# Heat doesnt come out of vent



## MidTnMike31 (Sep 17, 2010)

Has anyone has any problems with the heat/air coming out of the floor vents? I can hear the fan running but no ait flow coming out. When I switch it to come out on the dash it works great.


----------



## jpalamar (Jul 22, 2008)

So it works in everything but the floor? I belive that the system is controlled by vac lines. I did a little research when looking into a Monaro conversion but they are digital and it looked like a PITA to swap so I didn't go any further in my search.


----------



## MidTnMike31 (Sep 17, 2010)

I've only had the car a few weeks (05 GTO) and this was the first morning I drove it when I needed the heat. I got about half way to work and noticed it was still cold in the car. I reached down and felt no warm air was coming out..or any air coming out of the floor vents. As soon as I turned the dial to dash vents it suddenly got good and warm in the car. I didnt test the defroster yet. I just thought I would see if anyone has had the same problem before I start tearing into it.


----------



## amdoverclocker (Dec 21, 2010)

Same exact problem.
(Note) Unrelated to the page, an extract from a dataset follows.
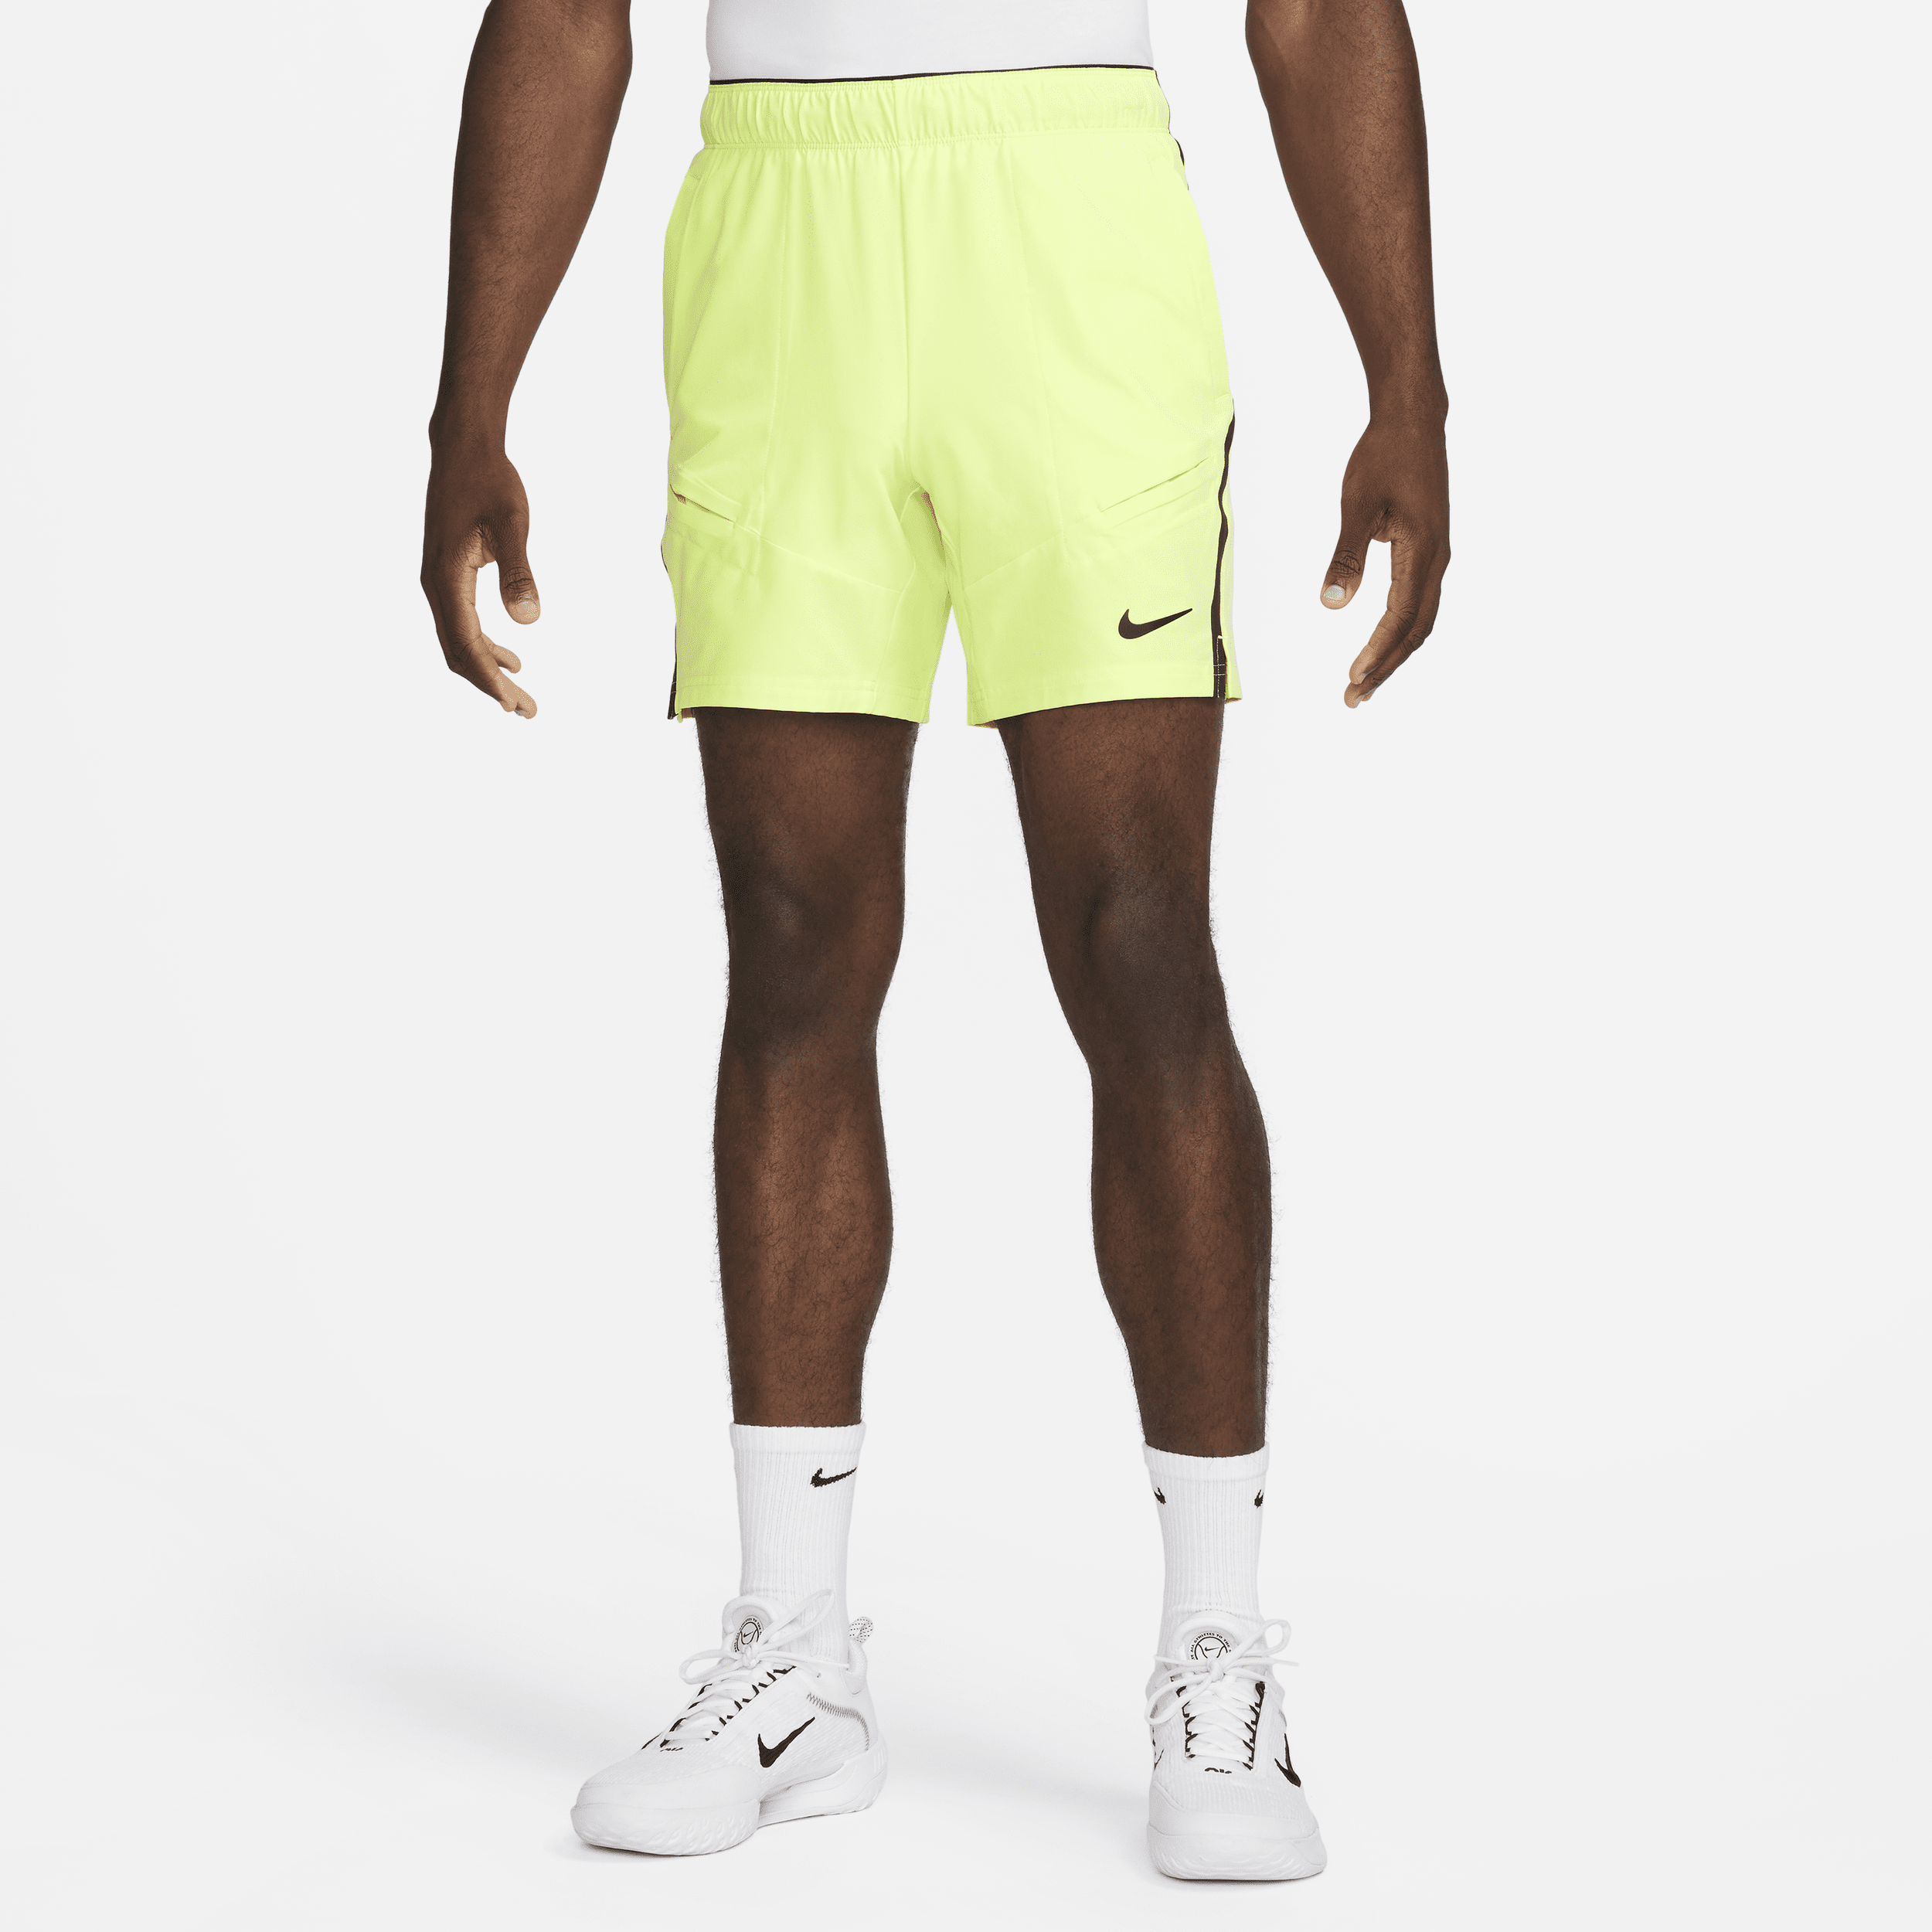 NikeCourt Advantage Dri-FIT-tennisshorts (18 cm) til mænd - gul

It works sometimes if you fudge with it. What a PITA. Did you fix it?


----------



## MidTnMike31 (Sep 17, 2010)

I havnt messed with mine yet. I dont have the code to the radio so until I get to the dealership I prob wont be tearing the dash out. Im guessing it has something to do with a vacuum line. It will come out through the floor vents ever now and then but only for a minuite at the most. 

Let me know if you find anything with yours. If I do work on mine and find anything I will post an update and let you know.


----------